Example 2: filtering on a continuous variable#

  • The HP column is a continuous variable.

  • Let’s show only the rows for Pokemon with a HP > 150.

df_pokemon[df_pokemon['HP'] > 150].head(3)
# Name Type 1 Type 2 Total HP Attack Defense Sp. Atk Sp.
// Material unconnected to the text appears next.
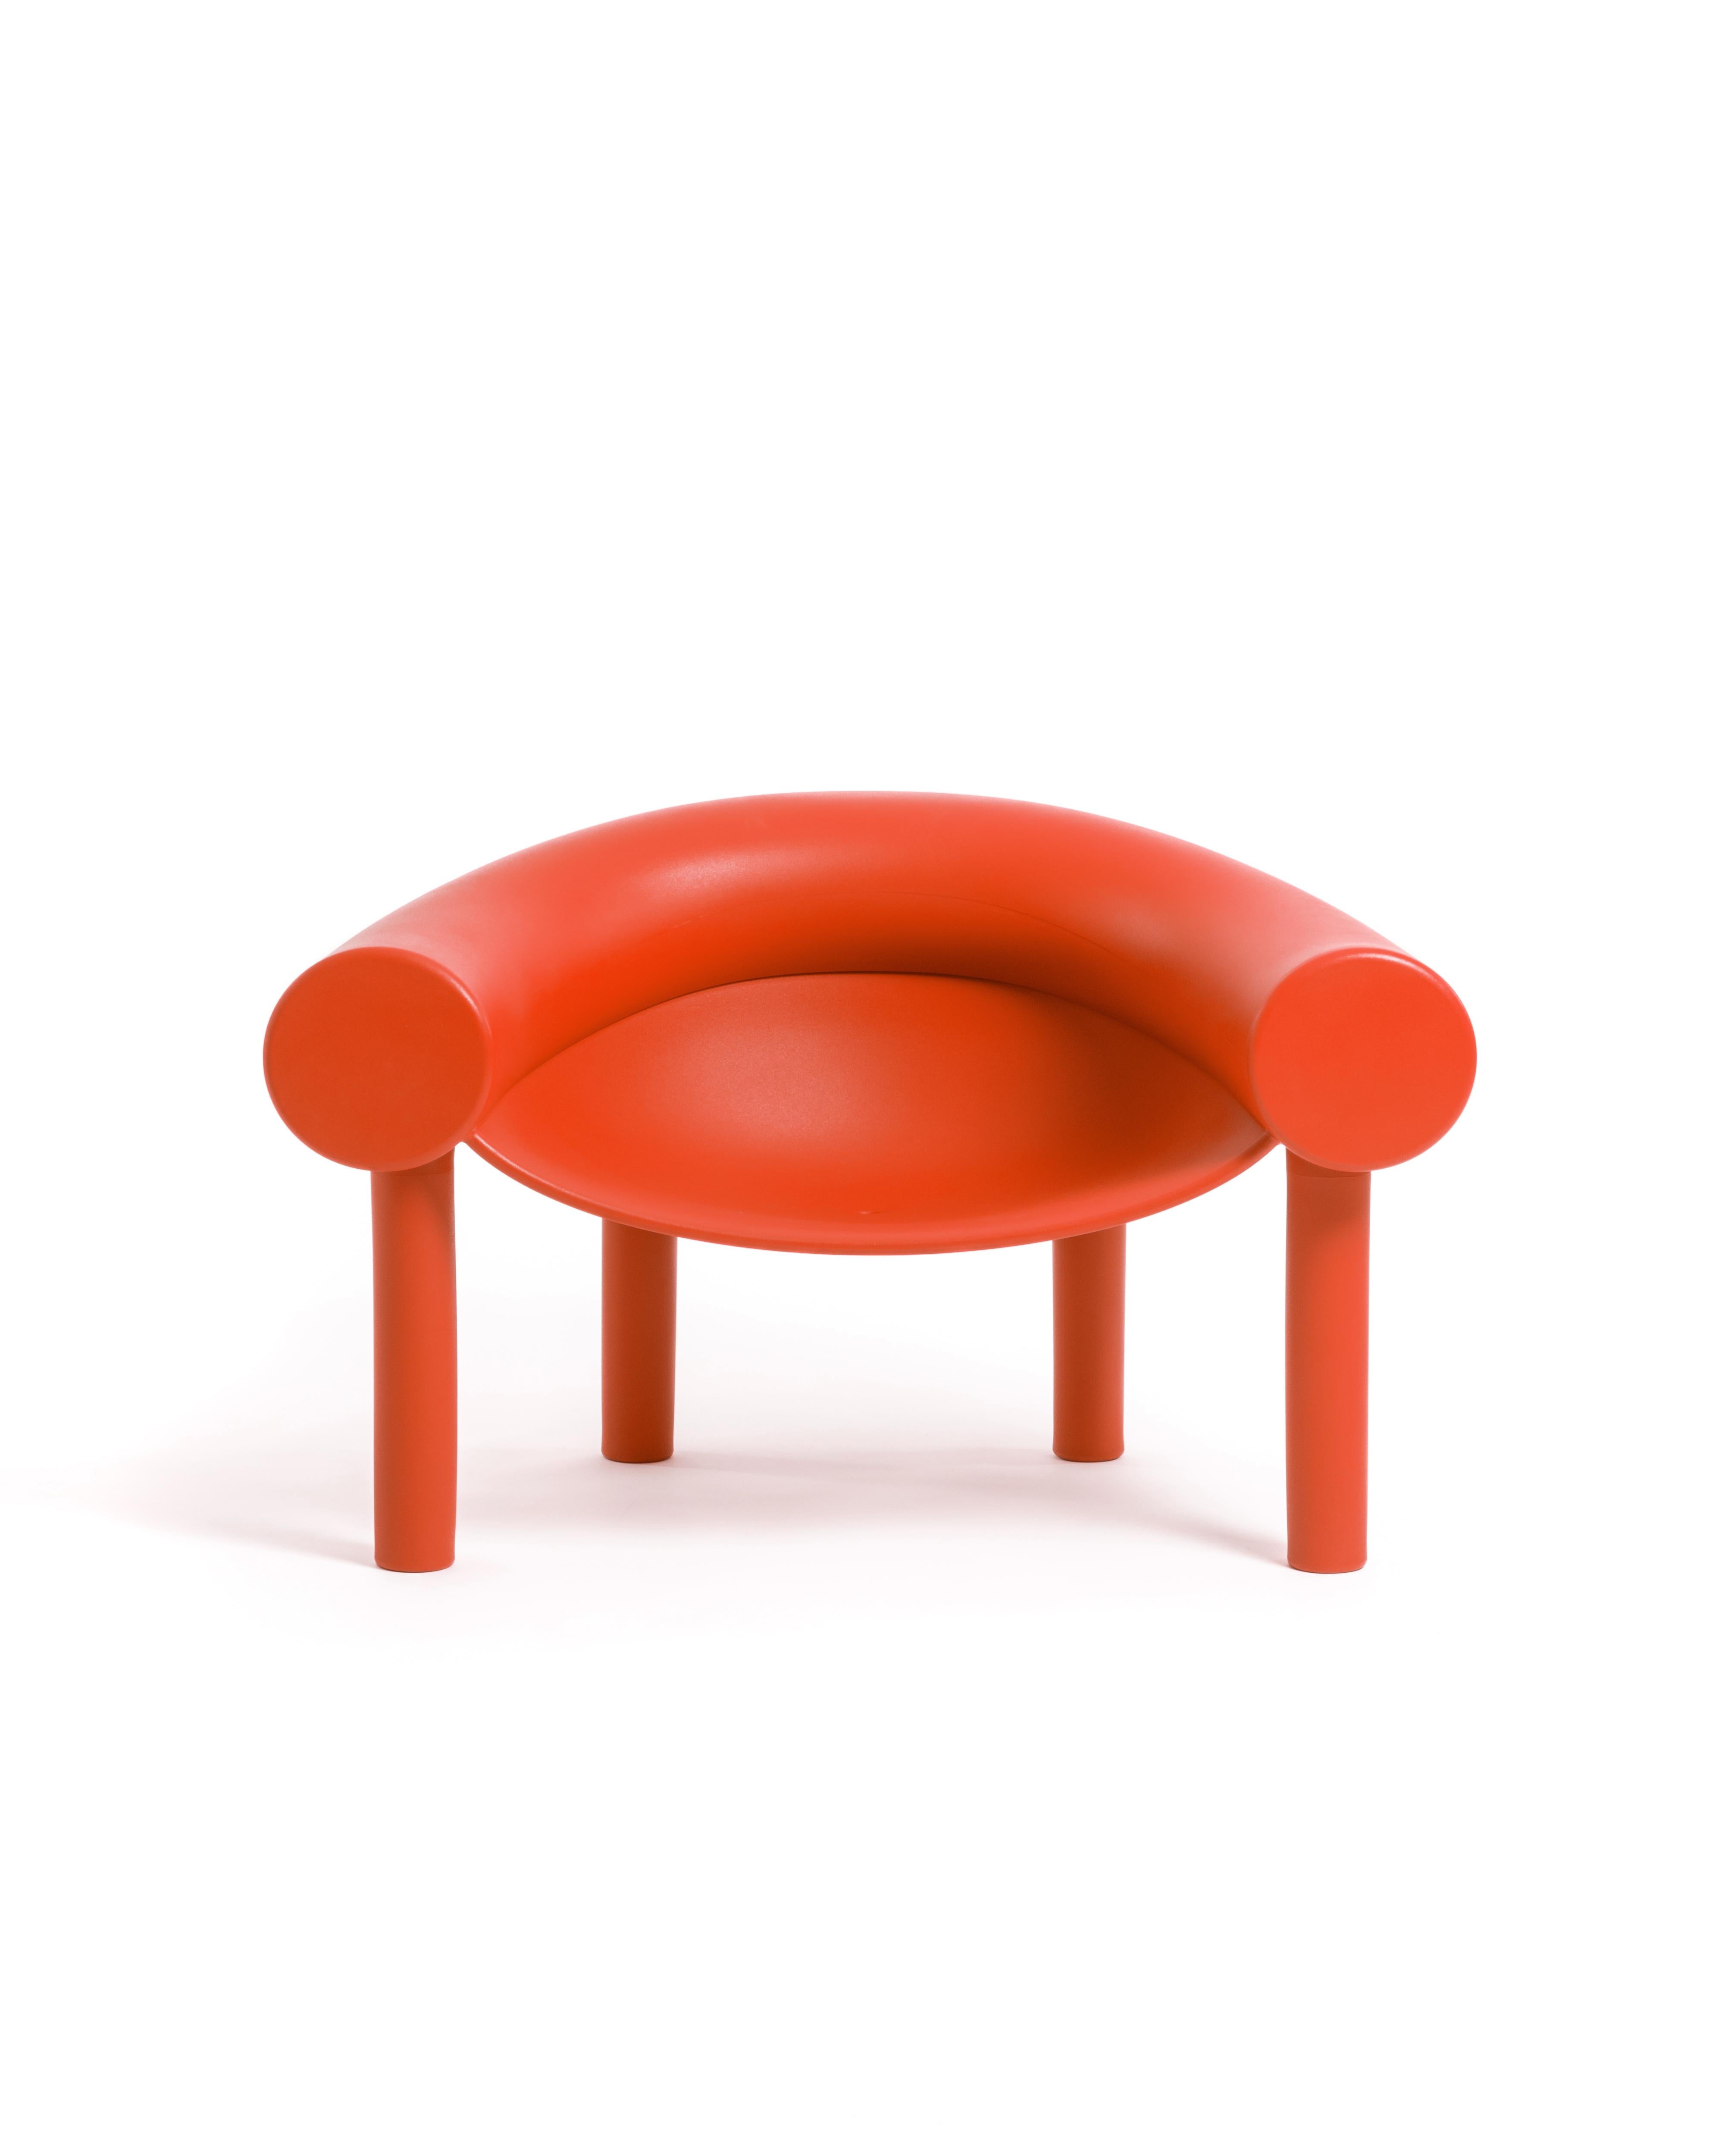 Sam Son Armchair in Red by Konstantin Grcic for MAGIS
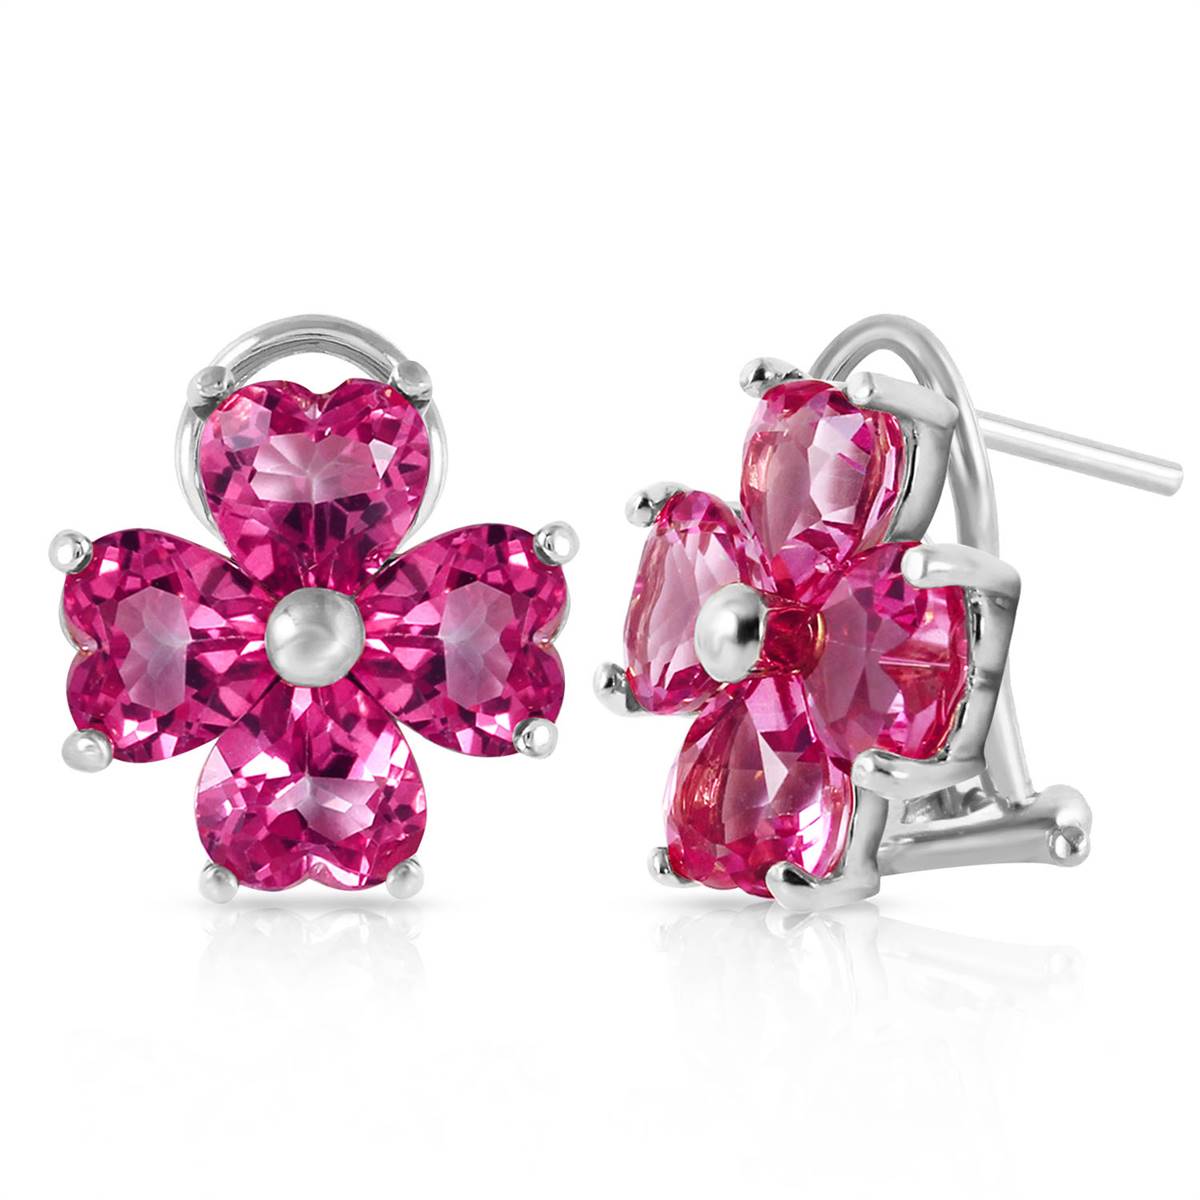 7.6 Carat 14K Solid White Gold French Clips Earrings Natural Pink Topaz

Def Speed Generation Legendary
121 113 Chansey Normal NaN 450 250 5 5 35 105 50 1 False
155 143 Snorlax Normal NaN 540 160 110 65 65 110 30 1 False
217 202 Wobbuffet Psychic NaN 405 190 33 58 33 58 33 2 False

Using groupby#

The groupby function allows you to split data (i.e., along different categories) then apply some function to each split of that data (e.g., mean).

The syntax is as follows:

df_name.groupby("column_to_group_by").mean() ## or median, etc.

Example: mean Attack by Legendary#

Here, the [[...]] syntax just limits the columns in the DataFrame to the columns we directly care about.

df_pokemon[['Legendary', 'Attack']].groupby("Legendary").mean()
Attack
Legendary
False 75.669388
True 116.676923

Check-in:#

How would you calculate the median Defense by Legendary status?

### Your code here

Solution#

df_pokemon[['Legendary', 'Defense']].groupby("Legendary").median()
Defense
Legendary
False 66.0
True 100.0

Check-in:#

How would you calculate the mean HP by Type 1?

### Your code here

Solution#

df_pokemon[['Type 1', 'HP']].groupby("Type 1").mean()
HP
Type 1
Bug 56.884058
Dark 66.806452
Dragon 83.312500
Electric 59.795455
Fairy 74.117647
Fighting 69.851852
Fire 69.903846
Flying 70.750000
Ghost 64.437500
Grass 67.271429
Ground 73.781250
Ice 72.000000
Normal 77.275510
Poison 67.250000
Psychic 70.631579
Rock 65.363636
Steel 65.222222
Water 72.062500

Conclusion#

This concludes our unit on interacting with data.

  • Reading in .csv files with pandas.

  • Summarizing and working with tabular data.

We’ll also spend much more time on tabular data in Week 4, particularly as it regards “cleaning” data.